Where is the change?

So, if this is the case, why is heart disease the number one or two killer in the West? It should have been virtually eliminated by now. But the odds are, your cardiologist isn’t familiar with this research, and thus you are being denied the ideal way to heal.

Study after study shows lifestyle medicine’s ability to prevent and in many cases reverse type 2 diabetes, arthritis, high cholesterol, Western cancers, high blood pressure and many autoimmune diseases.

We now have multiple cases in which diseases like lupus, rheumatoid and psoriatic arthritis, multiple sclerosis, Crohn’s disease, ulcerative colitis and many more have their symptoms greatly improved or eradicated. And lifestyle medicine doesn’t have the horrible side effects some medications have. Its side effects are more energy, more stamina, longer life and most importantly, great quality of life.

It’s been almost 50 years since Nathan Pritikin, not a medical doctor, opened his first wellness center in California. As Dr. Michael Greger likes to tell it, they wheeled his grandmother in, having been given a death sentence by her cardiologist (one year to live). A few weeks later she walked out and proceeded to walk 10 miles many days each week and lived another 30 years.

Lifestyle medicine

The principle of lifestyle medicine, all proven time and again is to eat a mostly WFPB diet, get 30 minutes of aerobic exercise daily (moderate walking is just fine), don’t abuse substances like tobacco and alcohol, get 7-9 hours of good restorative sleep each night and learn how to manage your stress.

Yes, there are a few other things to do, but this, by itself will decrease your chance of early mortality by 85%, according to these studies.

This is what we need to learn from this pandemic. We need to understand that it is us, each and every one of us, who must take charge of our health. It’s not up to doctors or other health care providers. It’s up to us.

Those of us in lifestyle medicine are here to help you. There are now over 8,000 physicians who are members, many of them now board-certified, of the American College of Lifestyle Medicine. This is the future of medicine and it will enable us to switch from sick care to real health care and – add hours to our days, days to our years and years to our lives.

2022-01-16T14:14:59+00:00

2 Comments

  1. jeffrey January 17, 2022 at 6:19 pm - Reply

    Great article, Alan. I went to Pritikin last May and almost totally off my BP meds and have lost 23 pounds in the process. As I say, health over age 50 is an offensive game!

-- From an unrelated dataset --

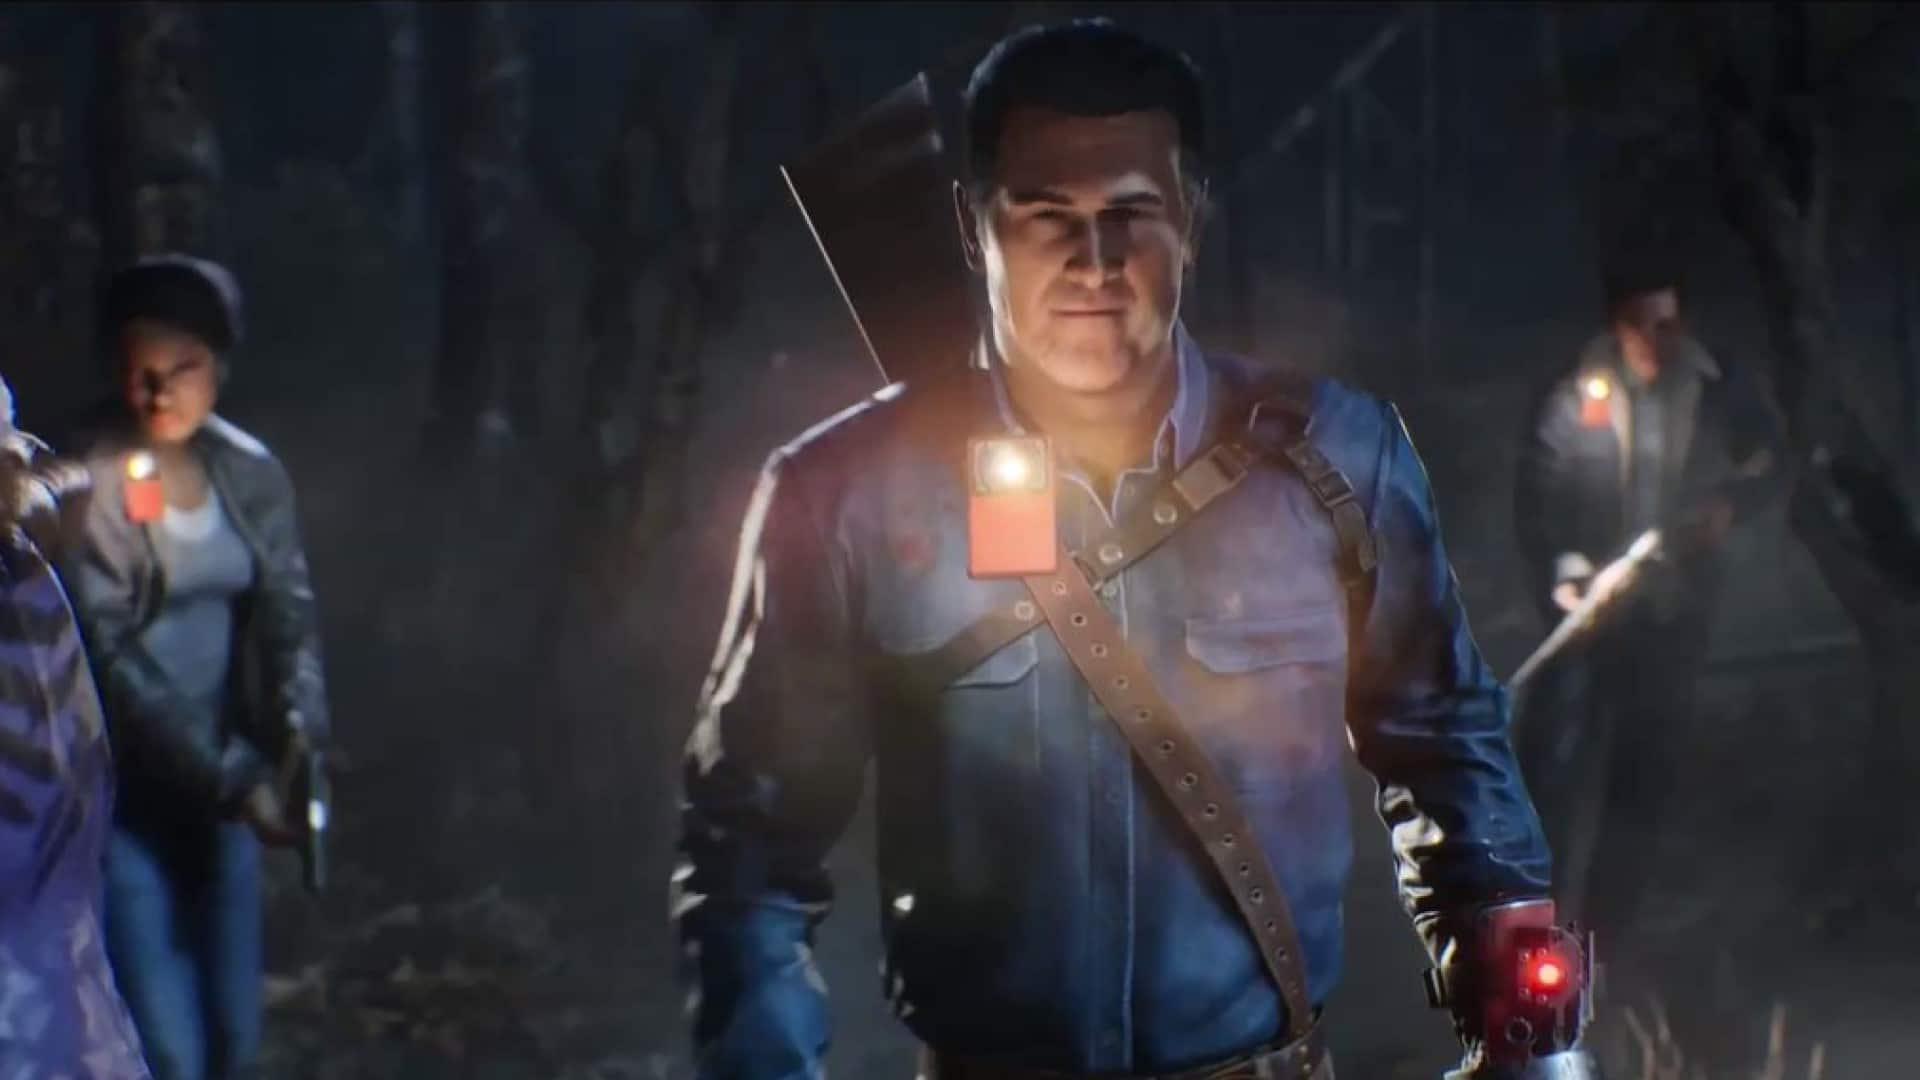 Evil Dead The Game Update 1.52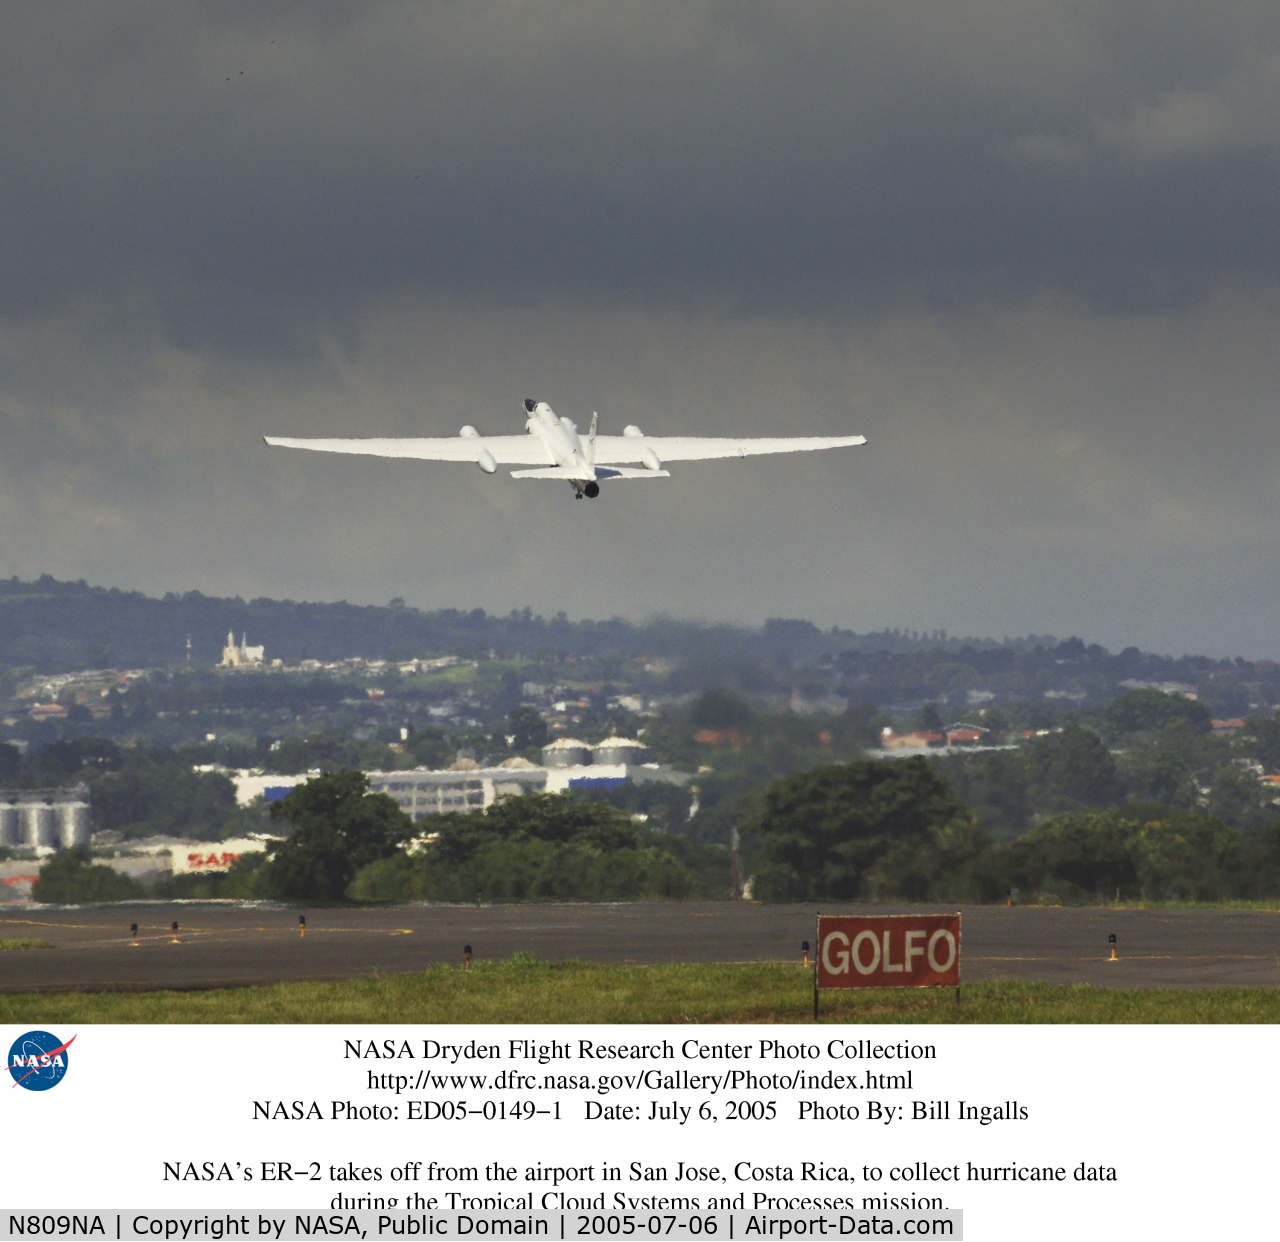 N809NA, 1980 Lockheed ER-2 C/N 80-1097 (Article 097), NASA's ER-2 takes off from the airport in San Jose, Costa Rica, to collect hurricane data during the Tropical Cloud Systems and Processes mission

  2. Samantha Hambling January 18, 2022 at 3:03 pm - Reply

    Love reading your articles! My daughter has a couple of chronic conditions and two things have helped her immensely:
    1. She desperately wanted a dog, so I bought one when she was nearly 18 to train as an assistance dog. I call him her personal trainer as all the walking has really helped her (she has hypermobility and POTS).
    2. Even before that she changed her diet to gluten and dairy free, and now has a mostly plant based diet. It’s also made a huge difference.
    Everything you write rings true with us!